I am a creature of routines. Because of our different work schedules I usually go to bed several hours before my husband does. When I’m ready to head upstairs he usually heads to his office. Lately I’ve been pausing in his office first. I sit on the floor, petting the dog who does not want to be touched and ask my husband questions about my WIP.  Five or ten minutes of conversation and then I go upstairs. Just before I turn out the light I grab my steno pad and jot down a few ideas. And then, before I know it, there is a scene. And as we know, a scene after a scene after ascene makes a book.

With the work-for-hire project my WIP has been short-changed of late. But that doesn’t mean I am not working on it.  Sometimes it seems the less time I have for a project the more my brain goes into overtime trying to solve the story questions.  A lot of my pondering is done in the shower or on the drive back and forth to the day job.

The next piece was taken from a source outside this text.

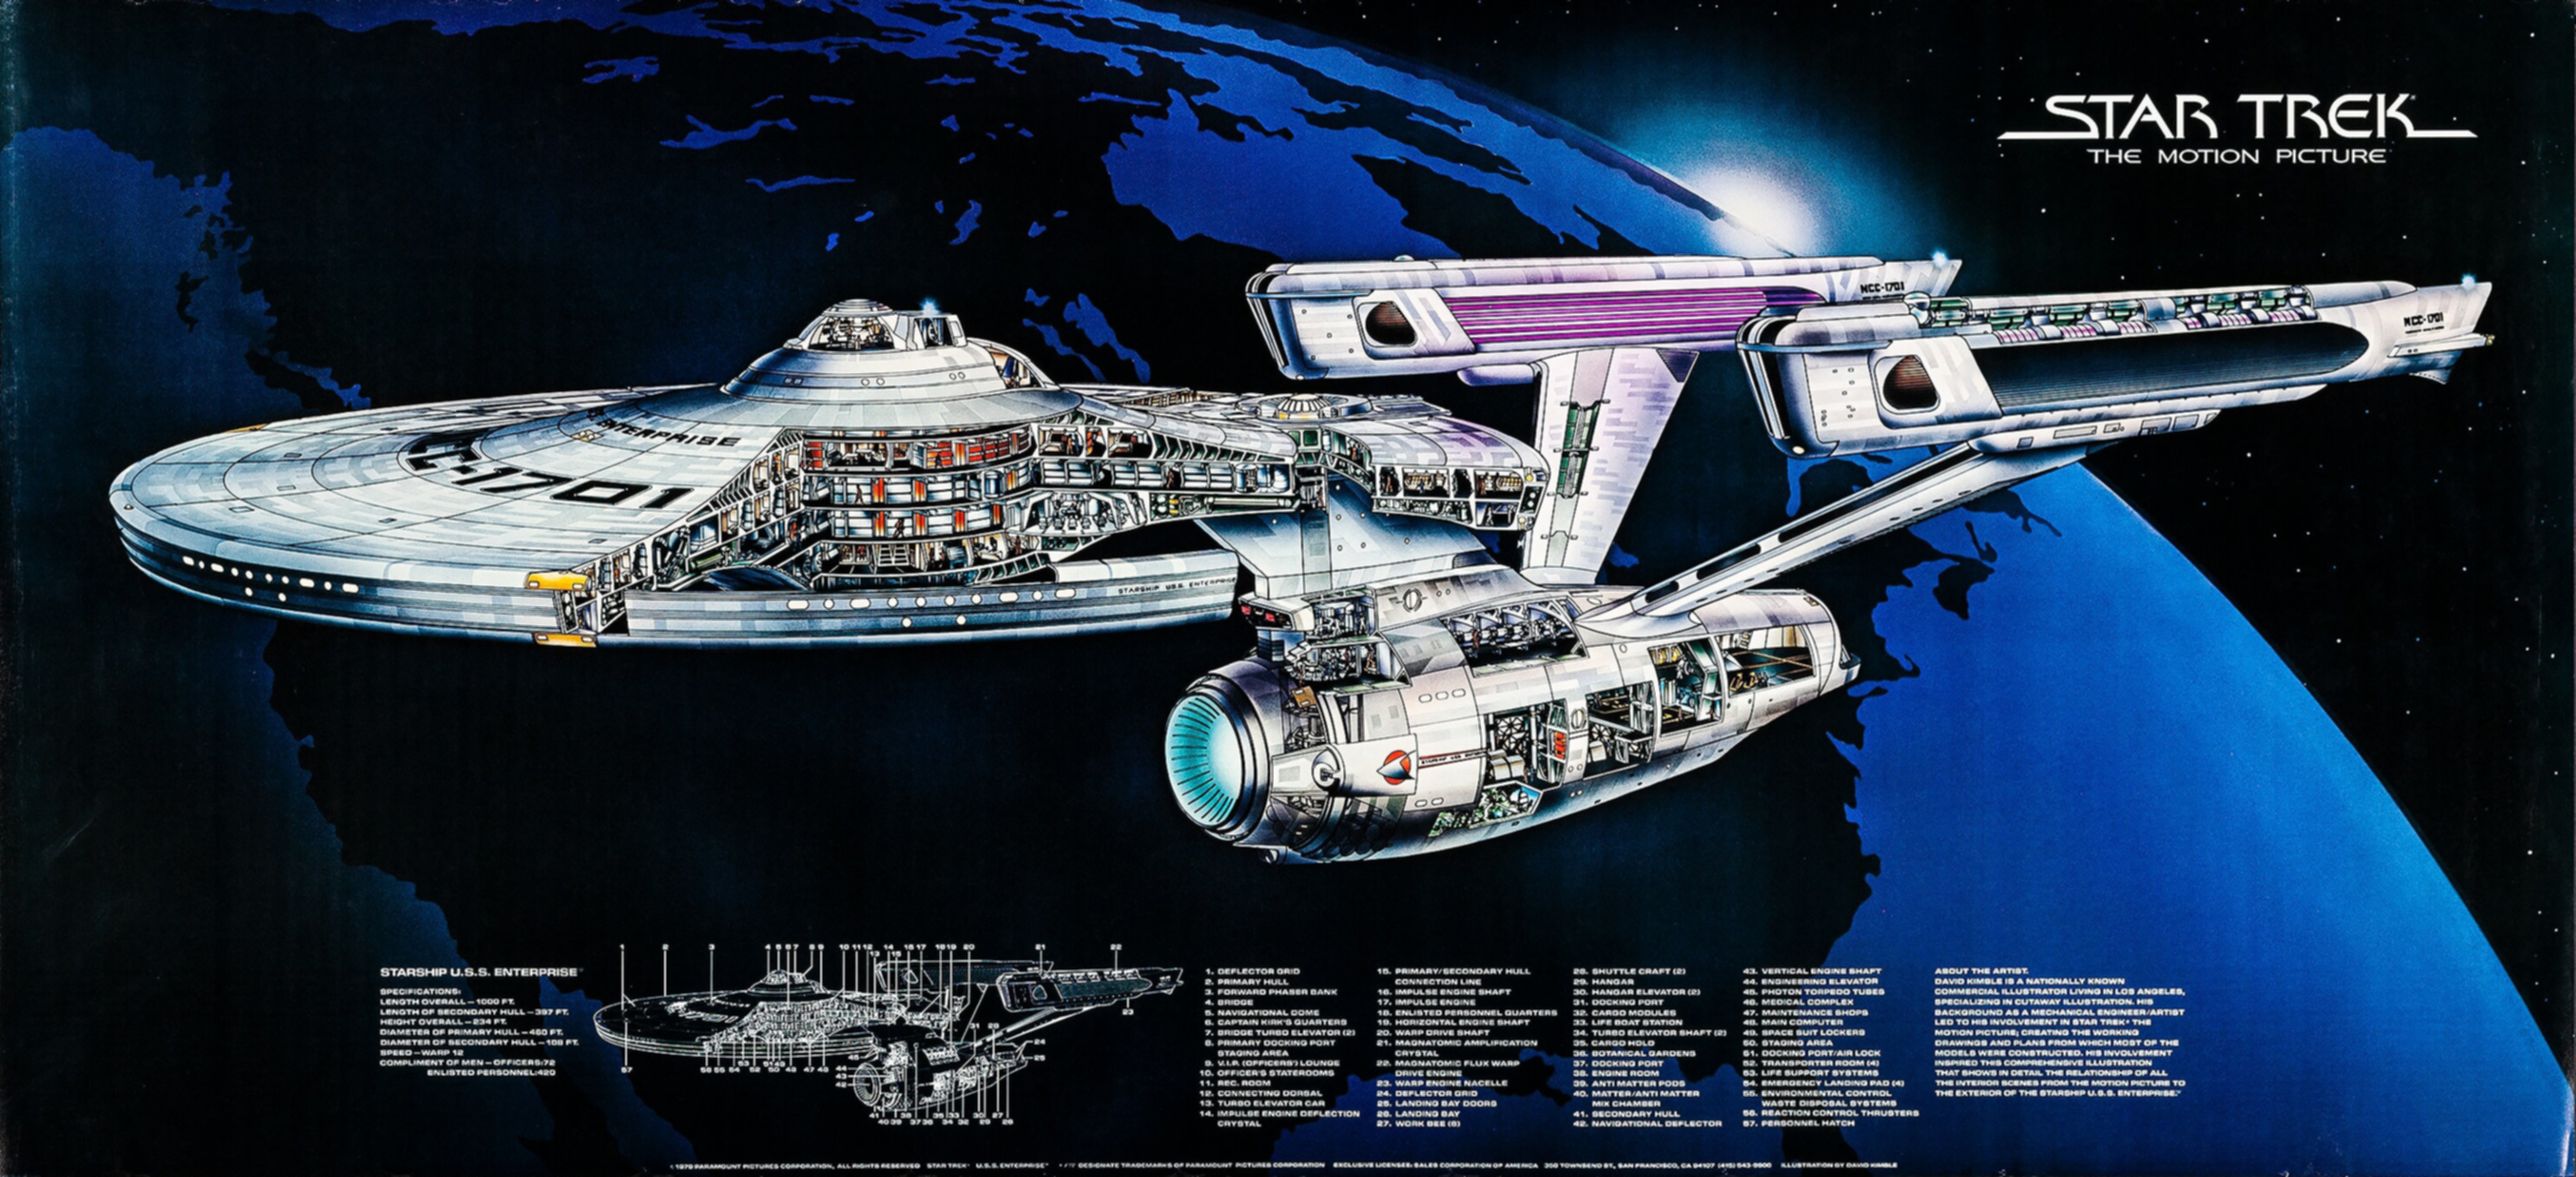 General 2839x1297 Star Trek Deck Plans Star Trek: The Motion Picture Constitution class Star Trek Ships USS Enterprise NCC-1701 movies science fiction spaceship vehicle

When I come home from work and empty my pockets I am liable to find scraps of paper with ideas of things to research or a couple of lines of something that just popped into my head. I can be driving and unable to write anything down and I get a great idea (or what seems like one at the time) and I will make up a song using the line and sing it to myself until I can pull over and write it down.

I used to tell people that I squeezed writing into the holes in my life whenever I could. Like it was something to be forced.

I realize that’s the wrong way of looking at it.

I don’t have to force myself into the words. The words are always there, sliding out when I least expect it, just waiting for me to catch them and put them back where they belong. In a story.